Activity>
Look through the listing below for the line containing "PRIME CORNER LOT.". Copy it and each line after it up to and including the line containing "2013 NFL Season.", exactly, leaving out pictures.

== Supplied data

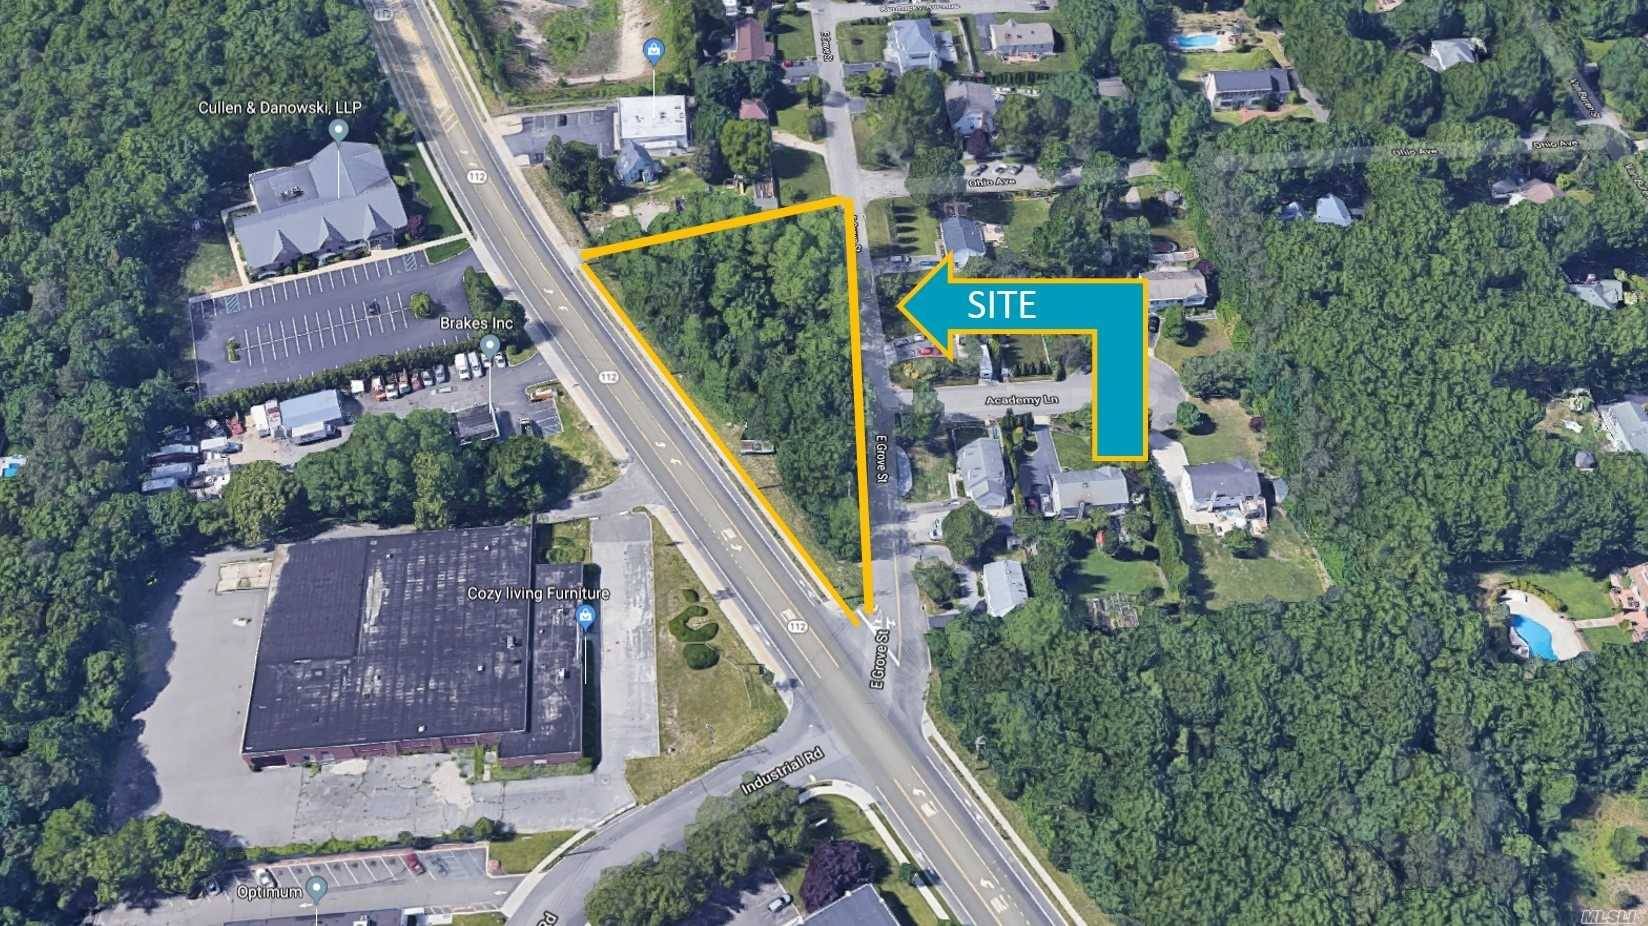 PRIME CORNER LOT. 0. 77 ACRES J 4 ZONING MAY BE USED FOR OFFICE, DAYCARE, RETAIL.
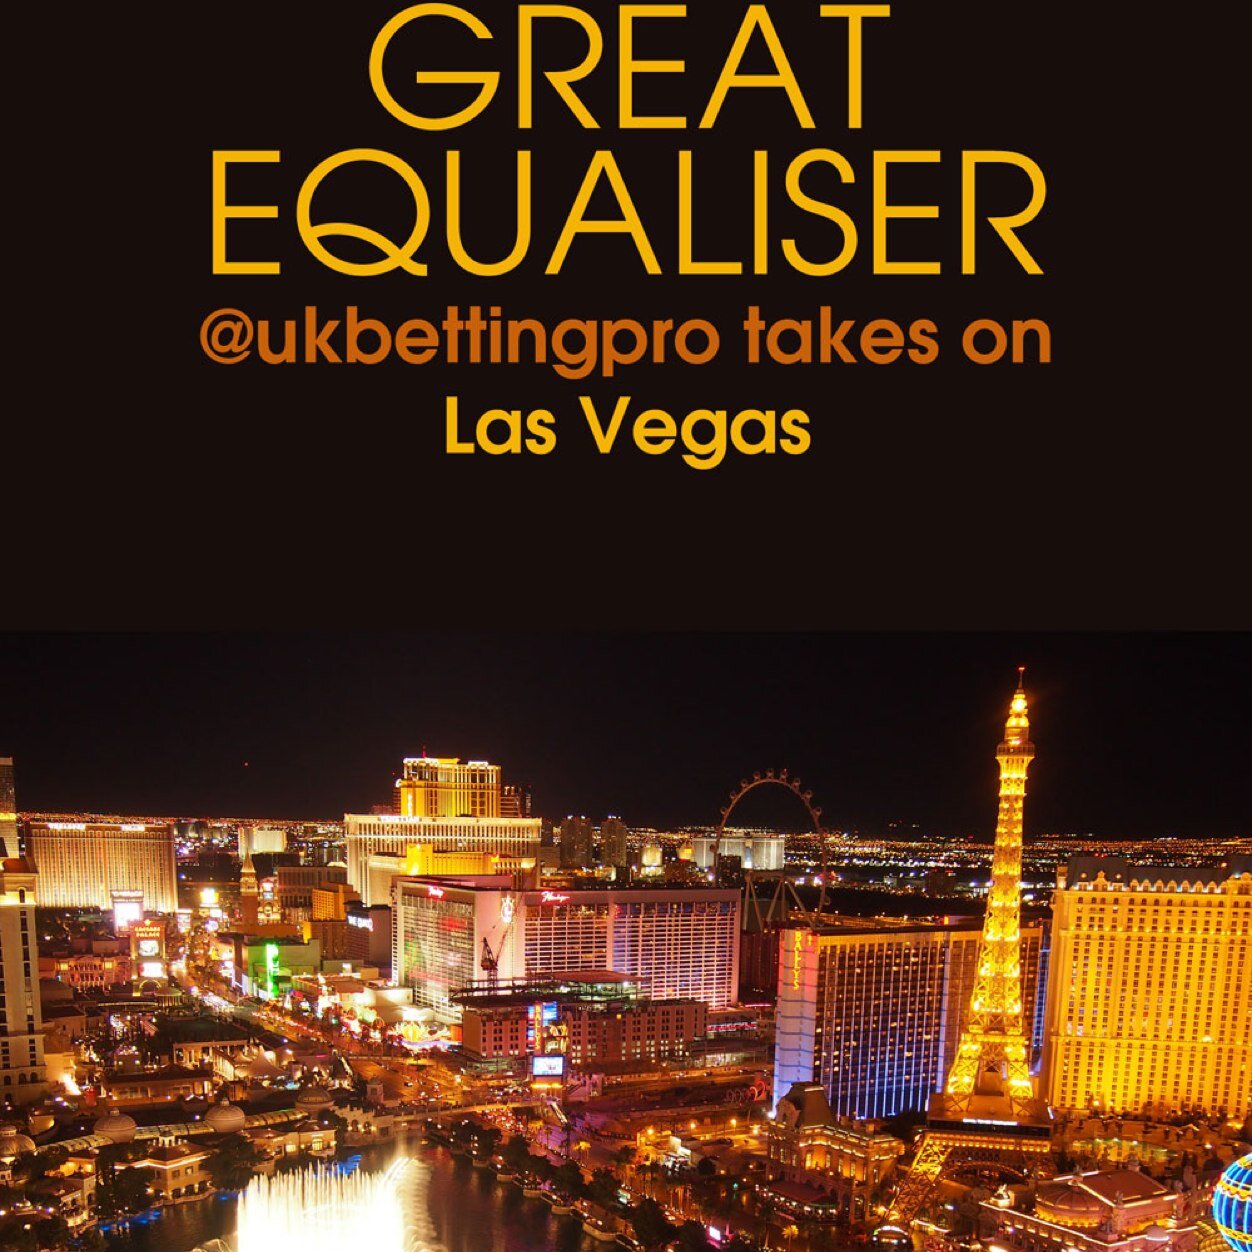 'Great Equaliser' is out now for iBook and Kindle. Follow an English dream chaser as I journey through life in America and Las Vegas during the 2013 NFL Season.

====
== Supplied data

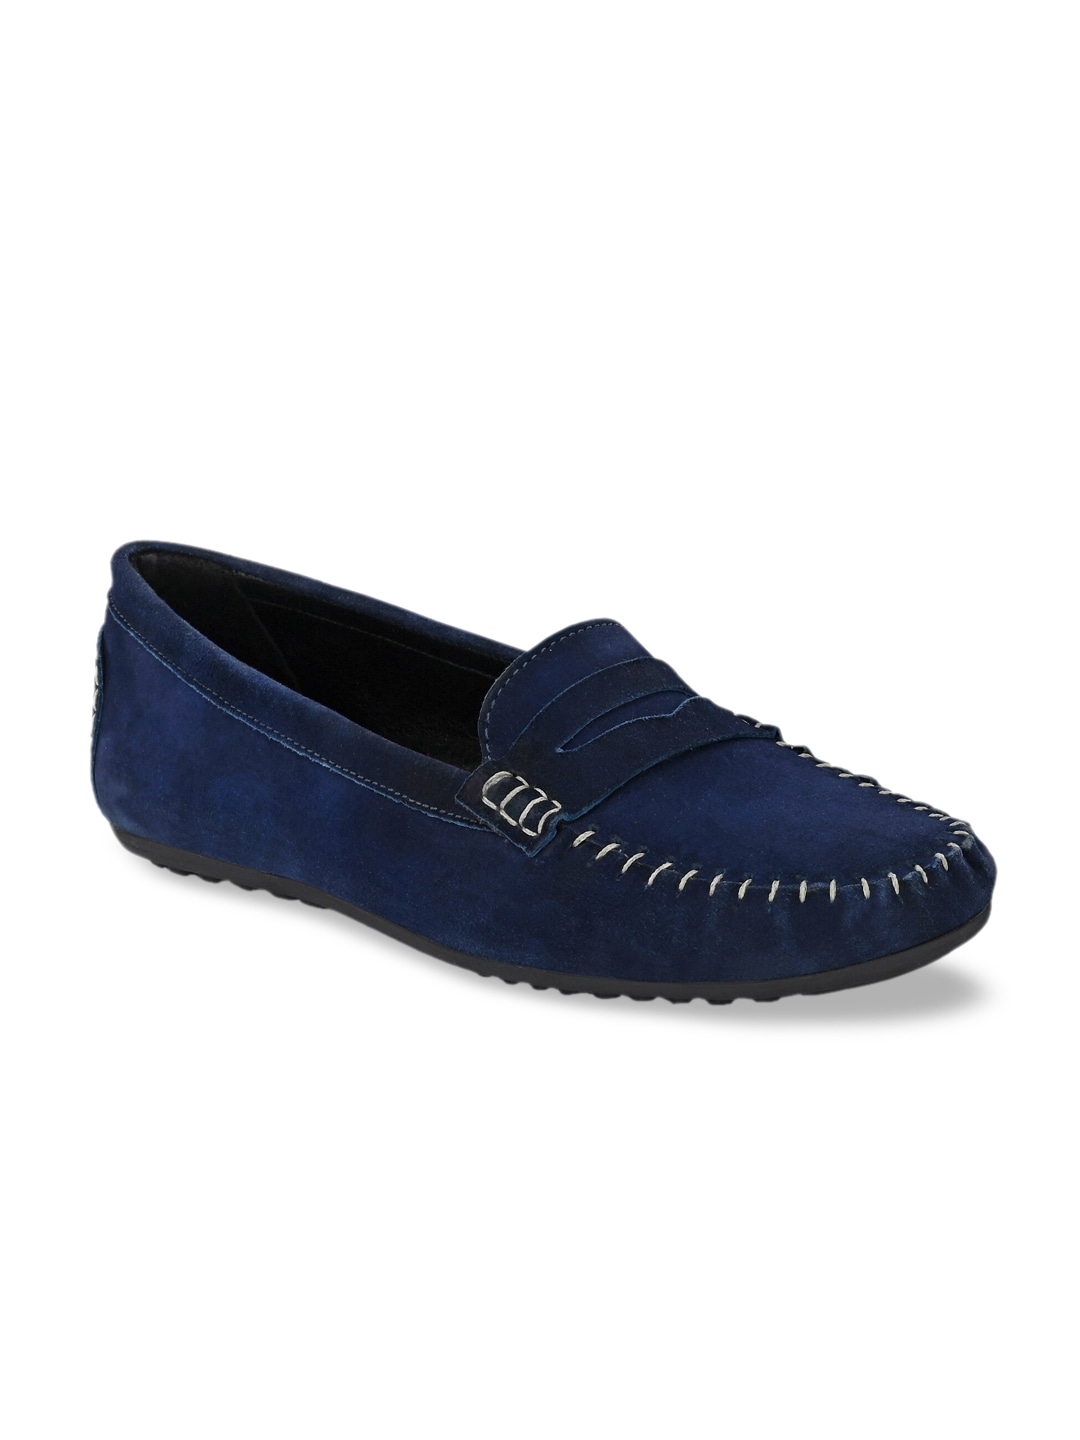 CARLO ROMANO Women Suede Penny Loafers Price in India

====

Response to the task>
 PRIME CORNER LOT. 0. 77 ACRES J 4 ZONING MAY BE USED FOR OFFICE, DAYCARE, RETAIL.
 'Great Equaliser' is out now for iBook and Kindle. Follow an English dream chaser as I journey through life in America and Las Vegas during the 2013 NFL Season.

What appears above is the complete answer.